16. Power of Attorney to Manage an Inheritance in Spain

A ‘power of attorney’ is a legal document used to delegate decision-making authority to a third-party- and when dealing with an inheritance in Spain it will allow a solicitor to manage the following aspects of the process: financial matters, such as the ability to sign cheques, make deposits, pay bills, manage financial and business affairs, selling a Spanish property, obtain insurance, manage investments and pay taxes.

In addition, powers of attorney can be drafted to meet your specific needs, as every family's situation is slightly unique. Some prefer to confer only specific areas of authority that they wish to delegate.

17. Quick Tips when Dealing with Assets

Some final thoughts on actions you may need to take if you are an executor of a Spanish Will:

Before proceeding to liquidate assets such as properties, it will be necessary to determine the value of the property via a local real estate agency. Note that a professional evaluation would require a technical architect, who will charge a fee.  If the estate includes artwork and antiques, any valuation will require an evaluation by the relevant experts in those fields, who may well charge a fee for that service.

It would also be advisable to insure the properties since anything could happen in the meantime such as theft or damage.

It is recommended to open a new bank account where the executor appears as the account-holder, until the moment of the liquidation of the properties which are part of the succession.

One of the responsibilities of an executor is to use the estate’s funds to pay for funeral and burial expenses.  The funeral home will also provide the executor with copies of the death certificate, which will be needed for several purposes, including closing financial accounts and cancelling any state benefit payments.

18. Dementia and Estate Planning in Spain

When we talk about mental illnesses in relation to Wills in Spain, we are particularly concerned with the individual’s mental capacity i.e. any mental disorder or any situation that affects the power of a person to express their intention or will.

In order to determine the extent of any mental incapacity, usually a capability test is carried out by the Notary, where the will is drawn-up. However it is always good to get a certification in advance from a doctor that declares the person as having such capacity in cases where there might be any doubt.

Should the disease have progressed to the point that it is not possible to create a valid will then it will become necessary to appoint a guardian who will do this on their behalf. This will require civil proceedings to be undertaken in court, which will determine who the guardians are and also the attributions, obligations and prohibitions that the guardian is subject to, such as are laid out in title X of the Spanish Civil code.

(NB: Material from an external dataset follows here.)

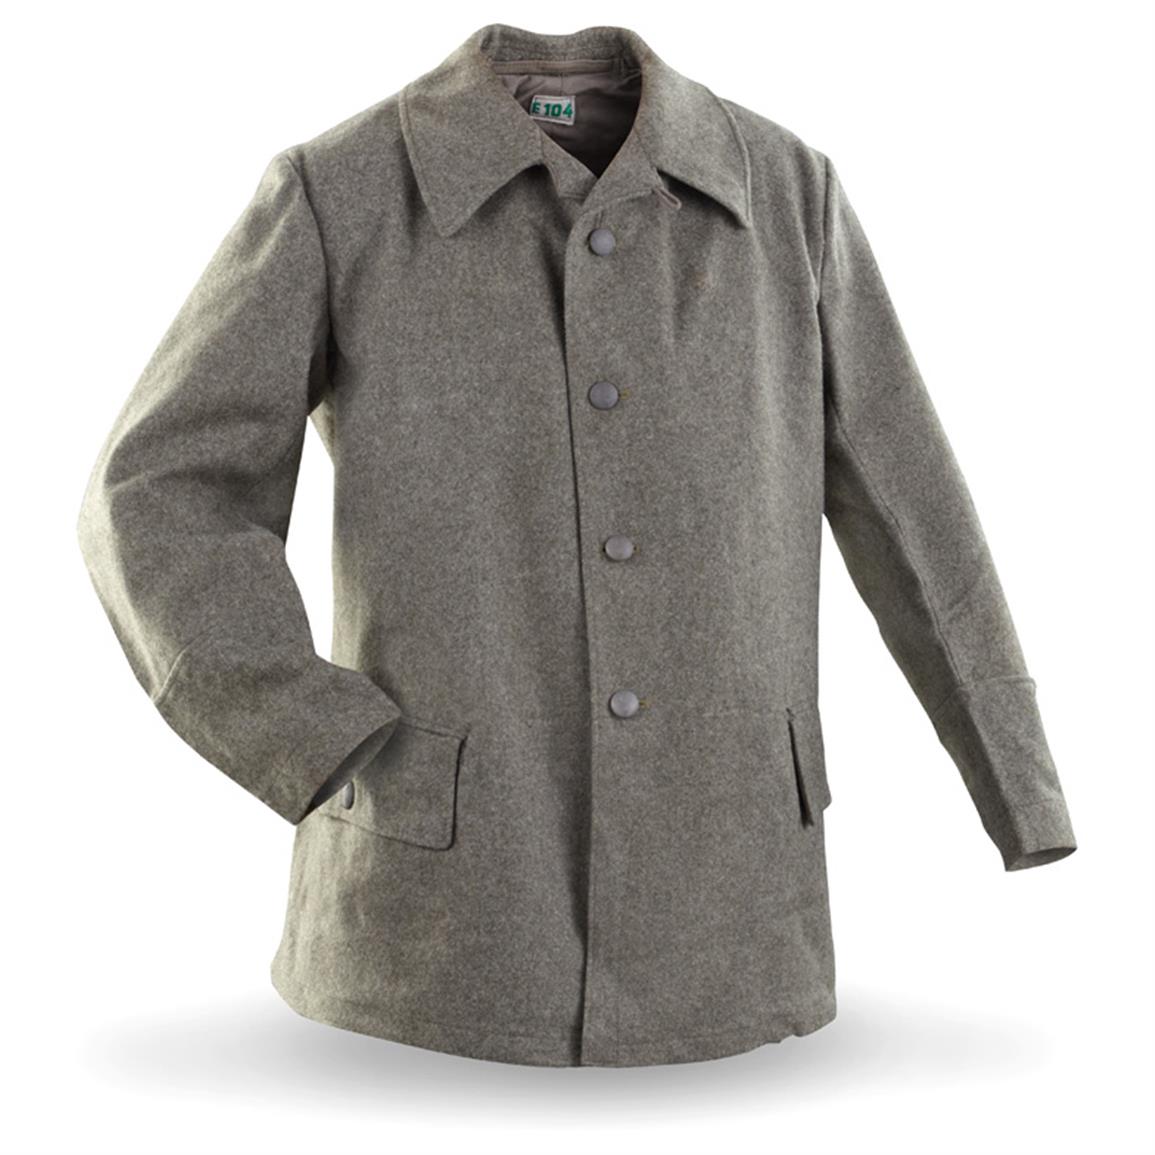 Military Wool Coats - Coat Nj

19. Exequatur and Enduring Power of Attorney

Of course, there are many examples of those who have undergone this procedure in their home country. If this is the case, then the ‘guardianship’ already obtained in the foreign jurisdiction may be validated via the exequatur procedure, which is how most foreign court orders are enforced in Spain.

Any 'Enduring Power of Attorney' created  in a foreign jurisdiction and which allows you to manage the affairs of someone after they become mentally incapacitated will need to be legalised, ie have the Hague Apostille attached and the power of attorney will need to be translated into Spanish by an approved translator so that it may be used in Spain.

In any event, any last will and testament that a guardian makes in the name of the person they represent must meet the Spanish regulations for valid Wills and we need to make sure

that is not going against the true will of the person that is represented, by taking into consideration previous Wills or the testimony of relevant witnesses.

Often these types of situations are quite delicate so it is always good to seek legal advice to make sure that the necessary diligence that this situations requires, is applied.